While hevm and Halmos consistently demonstrate high performance, EthBMC/Foundry now takes around 1 minute 41 seconds to analyze both tests. Our empirical observations suggest that the performance decline is associated with an increase in the number of external function calls being analyzed within the test and needs further investigation.

To reproduce:

forge test --match-test 'proveFuzz'

KEVM takes 35 minutes to complete the analysis of both tests. In this example, we make use of the paralellization capability by supplying the -j2 flag together with the kevm foundry-prove command, which instructs KEVM to analyze two tests in parallel (the analysis of the same two tests takes more than an hour if run without this flag):

kevm foundry-prove \
    --test FooTest.testFuzz_cracked_k \
    --test FooBytesTest.testFuzz_cracked_k -j2

KEVM reports both of the tests as failed, indicating that it successfully identified the corresponding inputs:

The following table shows the summary of the evaluation:

Tool	1tx	sU+1tx	2tx	Foo/FooBytes
Halmos	4.2 sec	4.4 sec	4.5 sec	5.8 sec
hevm	1.5 sec	1.4 sec	1.5 sec	1.6 sec
EthBMC	1.1 sec	1.2 sec	11.5 sec	1 min 41 sec
KEVM	10 min 24 sec	14 min 46 sec	x	35 min 14 sec

MiniVat–-A More Realistic Example

Finally, following the structure of our previous post, let's run our tools on the MiniVat smart contract, which represents more realistic smart contract code.
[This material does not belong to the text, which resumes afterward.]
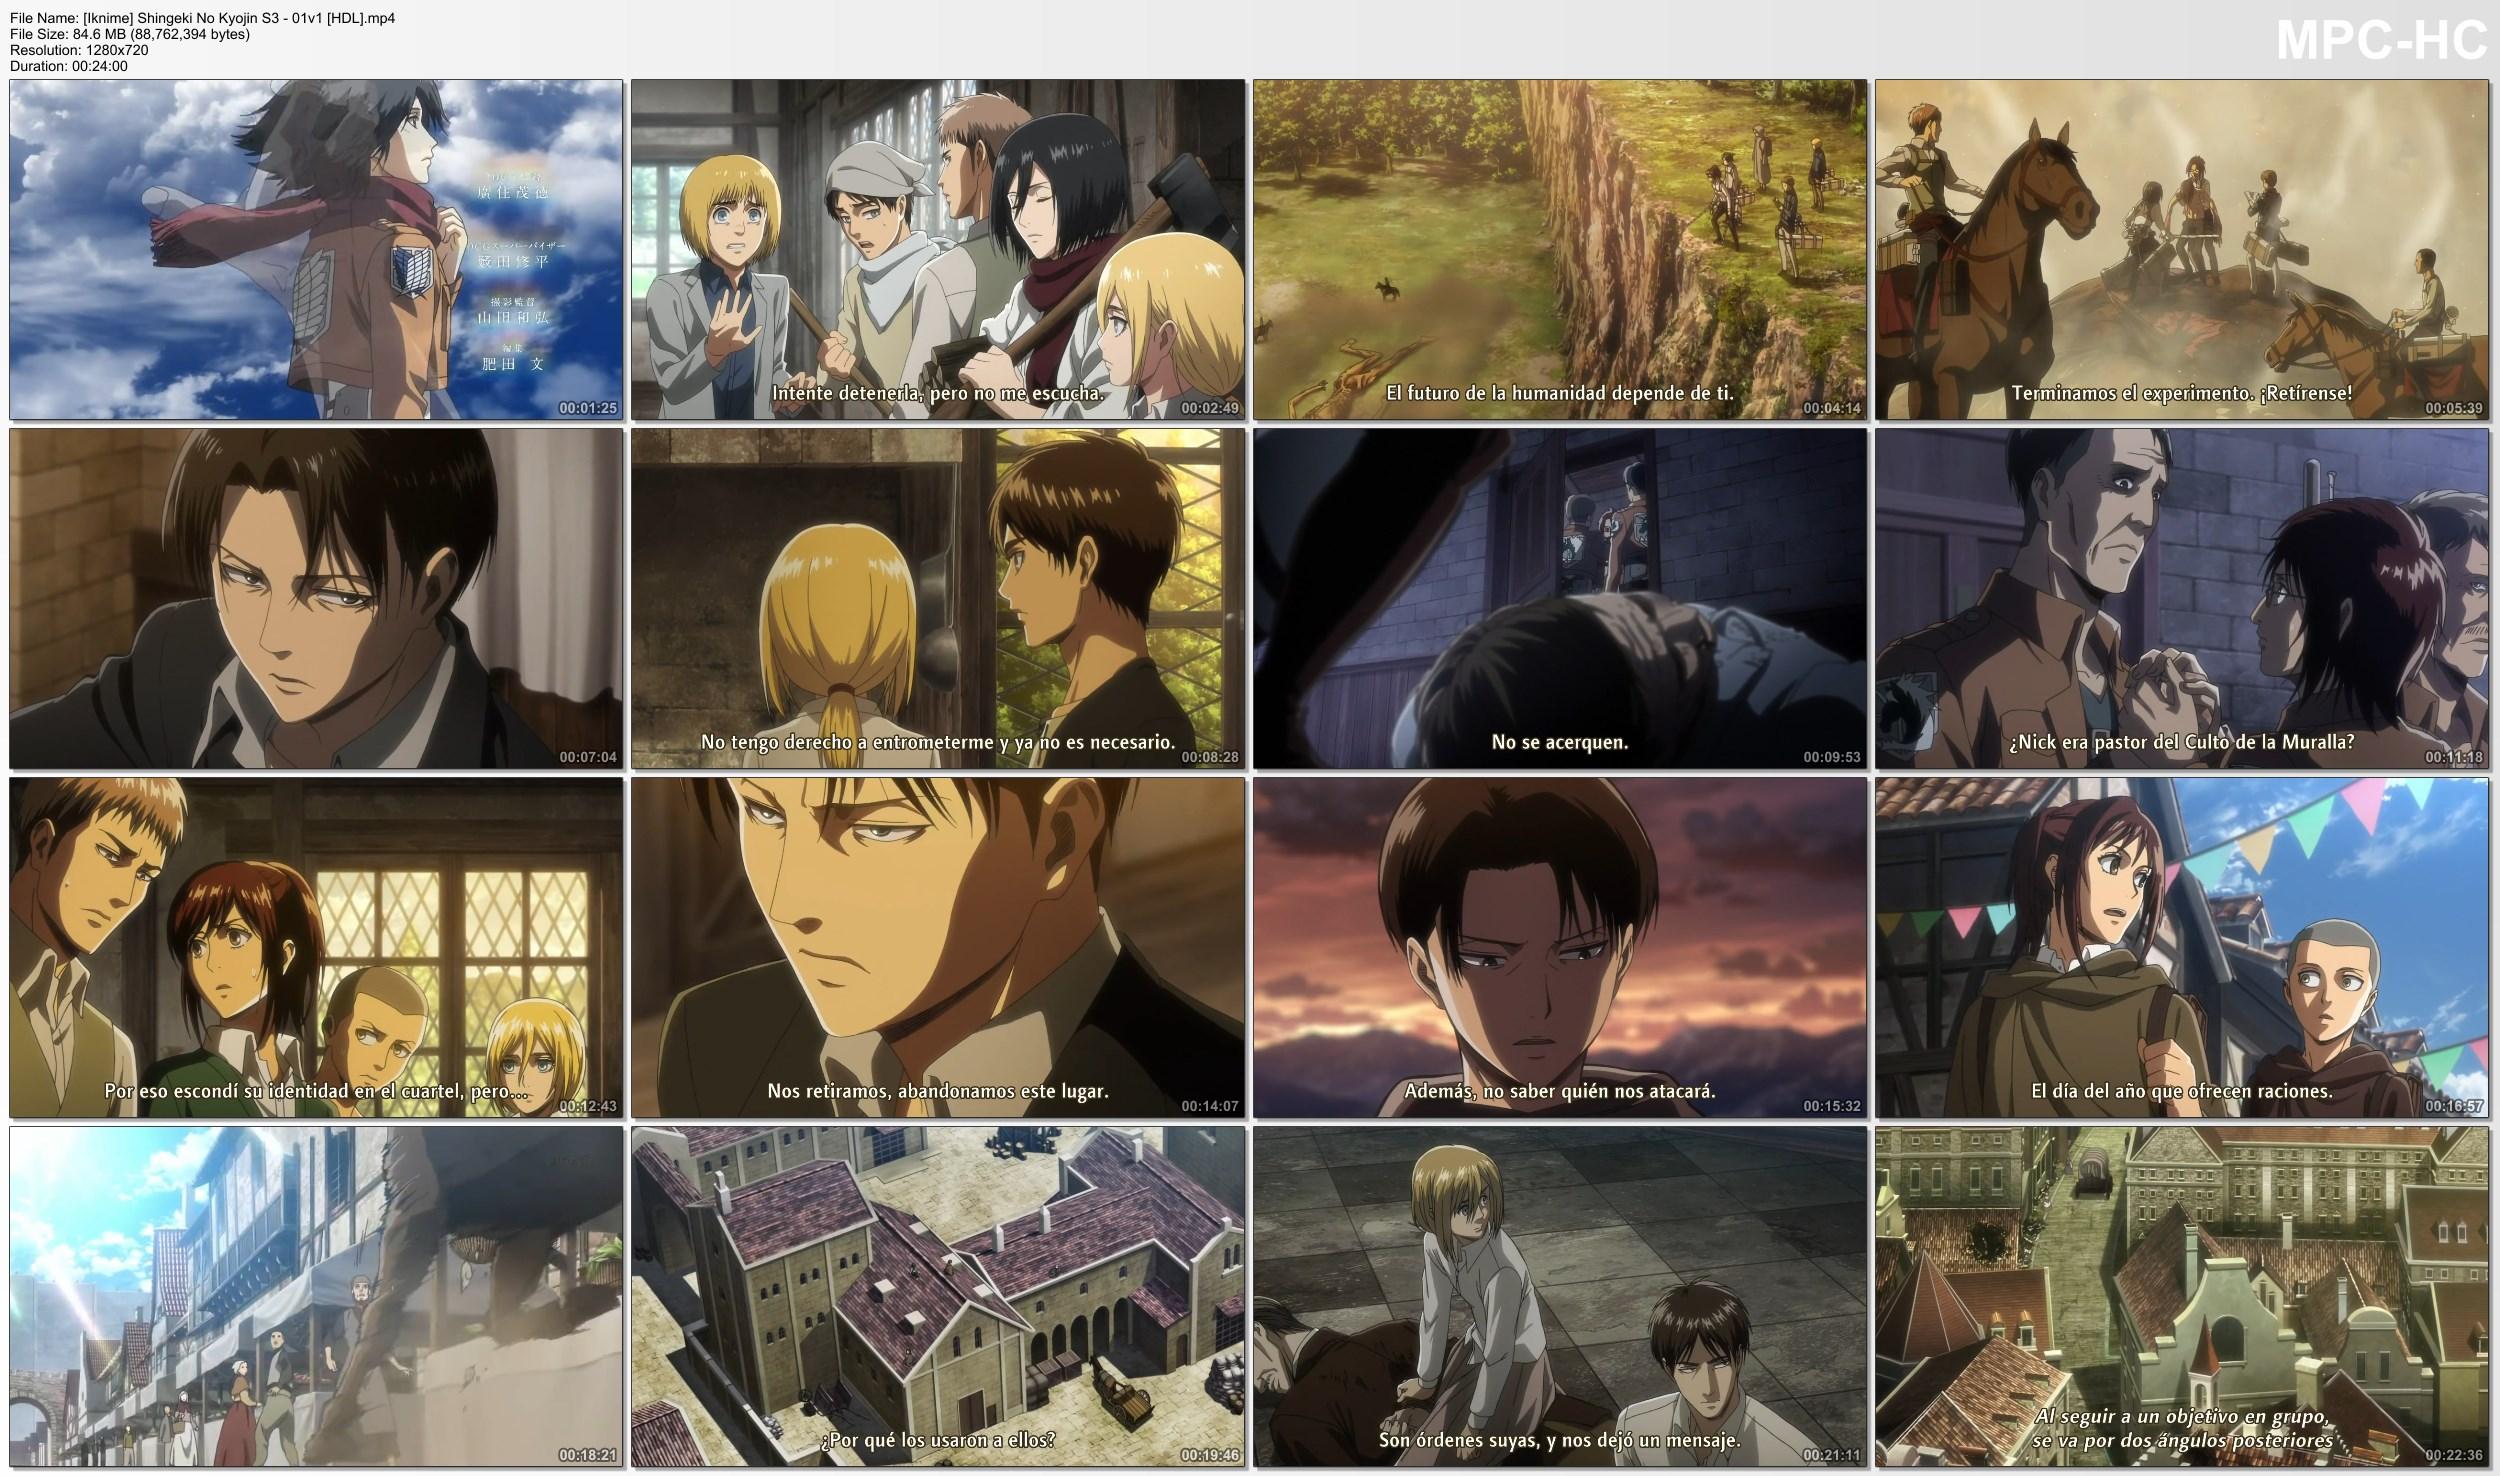 vp43qW7Zk67pw - [Aporte] Shingeki no Kyojin S3 [12/12][85MB][Iknime][H.265][TV][Finalizado] - Anime Ligero [Descargas]

The violation of an assert expressing the fundamental equation of DAI invariant occurs through a sequence of four function calls, which we include in a test function called testInvariant. We express the invariant using a DSTest/Foundry assertEq supplementary function, which checks an equality between two values. We discuss how this assertion functionality is implemented under the hood later in the post. The analyzed smart contact can be found in src/MiniVat.sol; the tests are provided in test/MiniVat.t.sol.

The test function we are analyzing is shown below. All the arguments are concrete:

function testInvariant() public {
    vat.frob(10 ** 18);
    vat.fold(-10 ** 27);
    vat.init();
    (uint Art, uint rate, uint debt) = vat.getValues();

    assertEq(debt, Art * rate);
}

This test contains several function calls to MiniVat, which are external to the test contract. As demonstrated by the previous example, the increased number of external calls introduces overhead to the analysis performed by tools such as EthBMC/Foundry and KEVM. This observation can be verified by comparing the performance of these tools on the test shown above with their performance on a test involving a single external call to the counterexample()function, which, in turn, invokes the same set of smart contract functions but within the MiniVat smart contract itself. The latter test will be analyzed much faster.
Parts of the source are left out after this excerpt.